2) That the plaintiff do pay to the 1st defendant Kshs. 300,000 on or before 22nd July 2008 and a further Kshs. 700,000 on or before 31st August 2008 towards payment of the hire purchase debt now standing at Kshs. 2,436,060. 00 as at 22 July 2008 under Hire Purchase Agreement Number HP2-5-300-002713 with respect to Motor Vehicle KAV 501F.
3) That upon payment of Kshs. 300,000 above on 22nd July 2008, the 1st defendant do release motor vehicle KAV 501F to the hirer subject to the payment storage charges.

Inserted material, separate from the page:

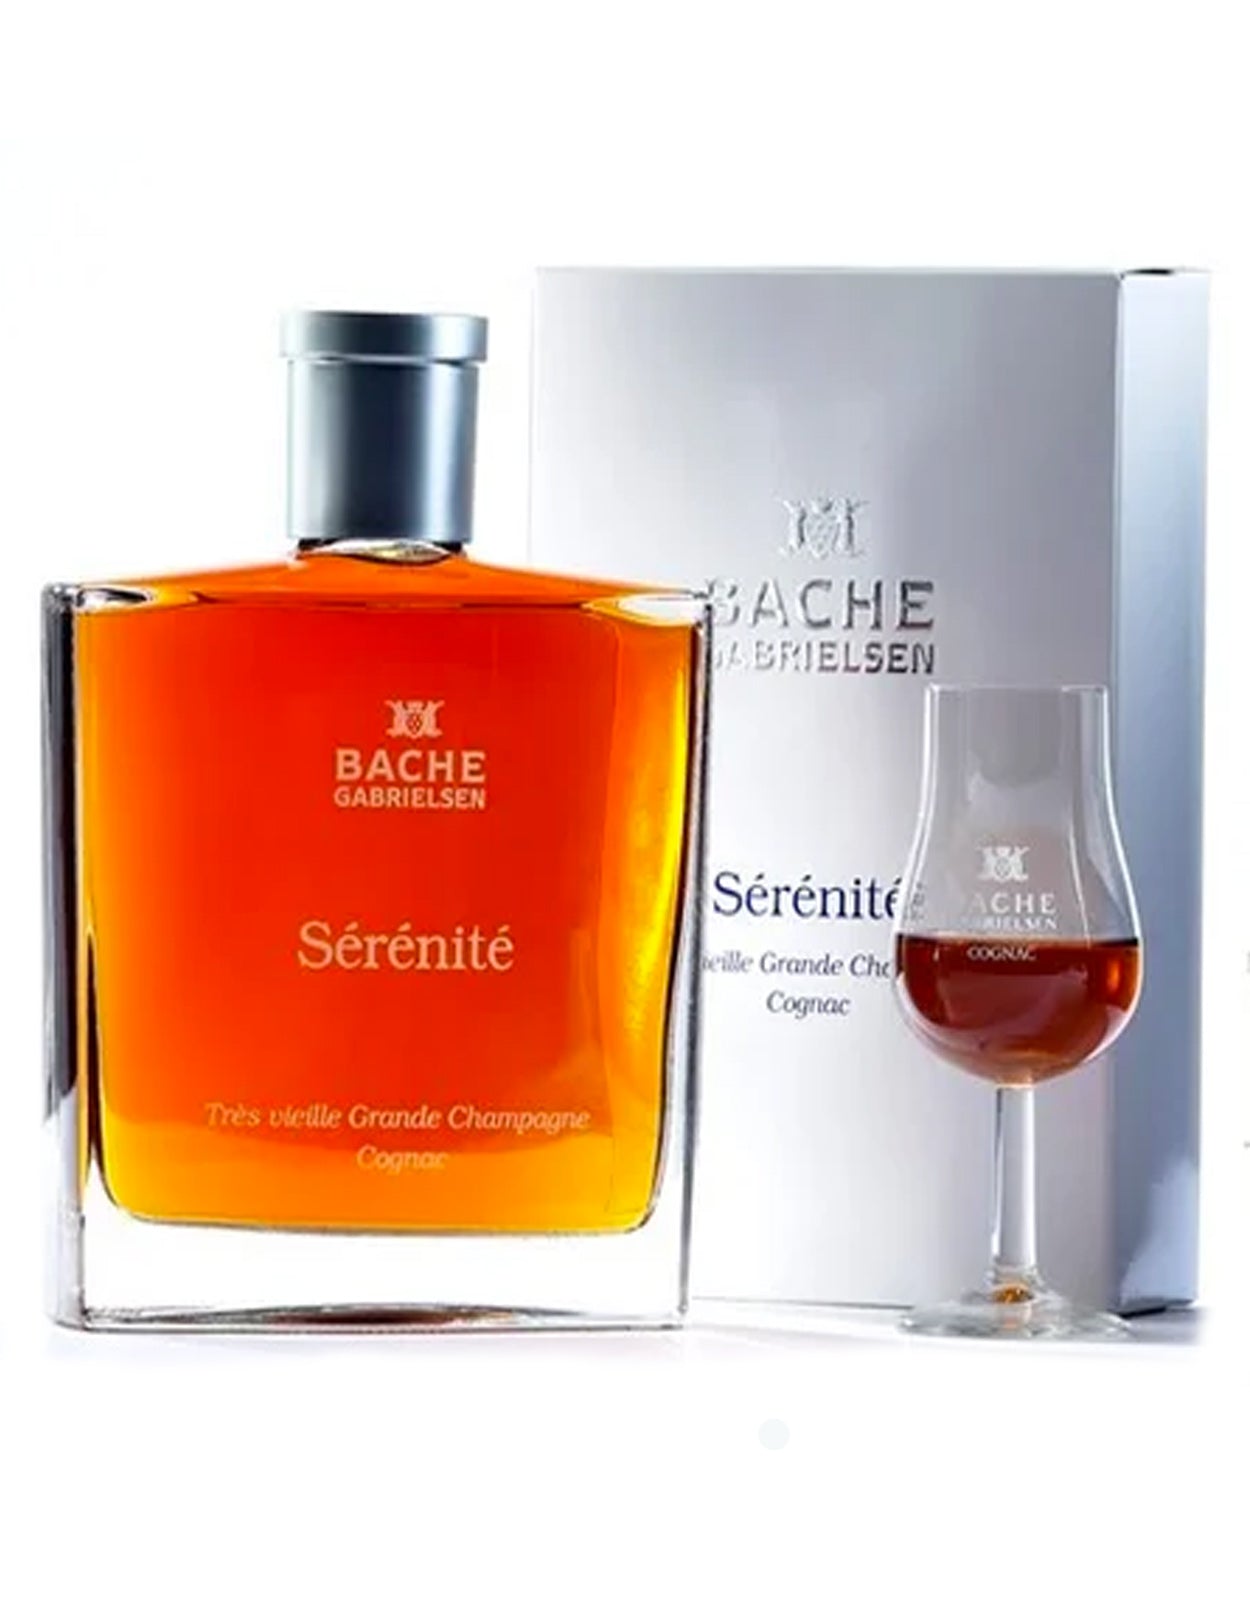 Bache Gabrielsen Reserve Serenite Tres Vieille Cognac

4) That the plaintiff do liquidate the balance of the Hire Purchase debt under Agreement Number HP2-5-200-002713 in equal monthly installments of Kshs. 150,000 the first such installment to be paid on or before 30th September 2008 and on each subsequent 30th day of each succeeding month till full payment.
5) That in default of any one installment on its due date, the 1st defendant be at liberty to repossess and sell Motor vehicle KAV 501F and to execute for the entire balance then due.
6) That the matter be mentioned on 29th September 2007 for any further orders.
3. A further consent was recorded on 28th July 2008 on the following terms.
1) That the plaintiff shall in addition to the payment of installments of Kshs. 1,509,000 pay to the Defendant accruing interest as per the hire purchase agreement and any other bank charges as provided therein.
4. The matter came up for directions as to hearing and I asked the parties to show cause why the matter should not be dismissed in light of the earlier consents in view of the admitted facts that one vehicle had been discharged from any liability and the other had been repossessed and sold. In my view, the suit had been compromised in terms of Order 25 rule 5(1) of the Civil Procedure Rules and there was nothing further for the court to determine.
5. Since the suit was filed in the 2008, I rejected the plaintiff’s application for adjournment. Counsel for the plaintiff admitted that the subject motor vehicles had been sold. Counsel for the Bank also confirmed that the motor vehicle subject of the Agreement had been sold and that the Bank had not filed any counterclaim to recover any amount owed by the plaintiff.
6. Considering the aforesaid, I find that the suit has already been compromised by the aforesaid consent orders which allowed the Bank to transfer one motor vehicle to the plaintiff and to repossess and sell the other motor vehicle if the plaintiff defaulted in its obligation under the Agreement or the consent. In the circumstances, prayers (a) and (c) could not be granted and there being no claim for special damages pleaded in the plaint, prayer (b) was a non-starter. The consent recorded on 22nd July 2008 put the parties on a contractual footing and the suit having thus been compromised, the was no other claim for determination. I have no option but to dismiss the suit.
7. The general rule is that costs follow the event. However, this suit was compromised and it is only this court that has brought it to an end. In the spirit of that compromise, I direct that each party to bear its own costs.
8. This suit is now dismissed but with no order as to costs.
DATED and DELIVERED at NAIROBI this 16th day of JANUARY, 2020.
DAVID S. MAJANJA
JUDGE
Court Assistant: Mr. E. Tupet
Ms Macheru instructed by Alphonce Mutinda and Company Advocates for the plaintiff.
Ms Mungai instructed by Kimondo Gachoka and Company Advocates for the defendant.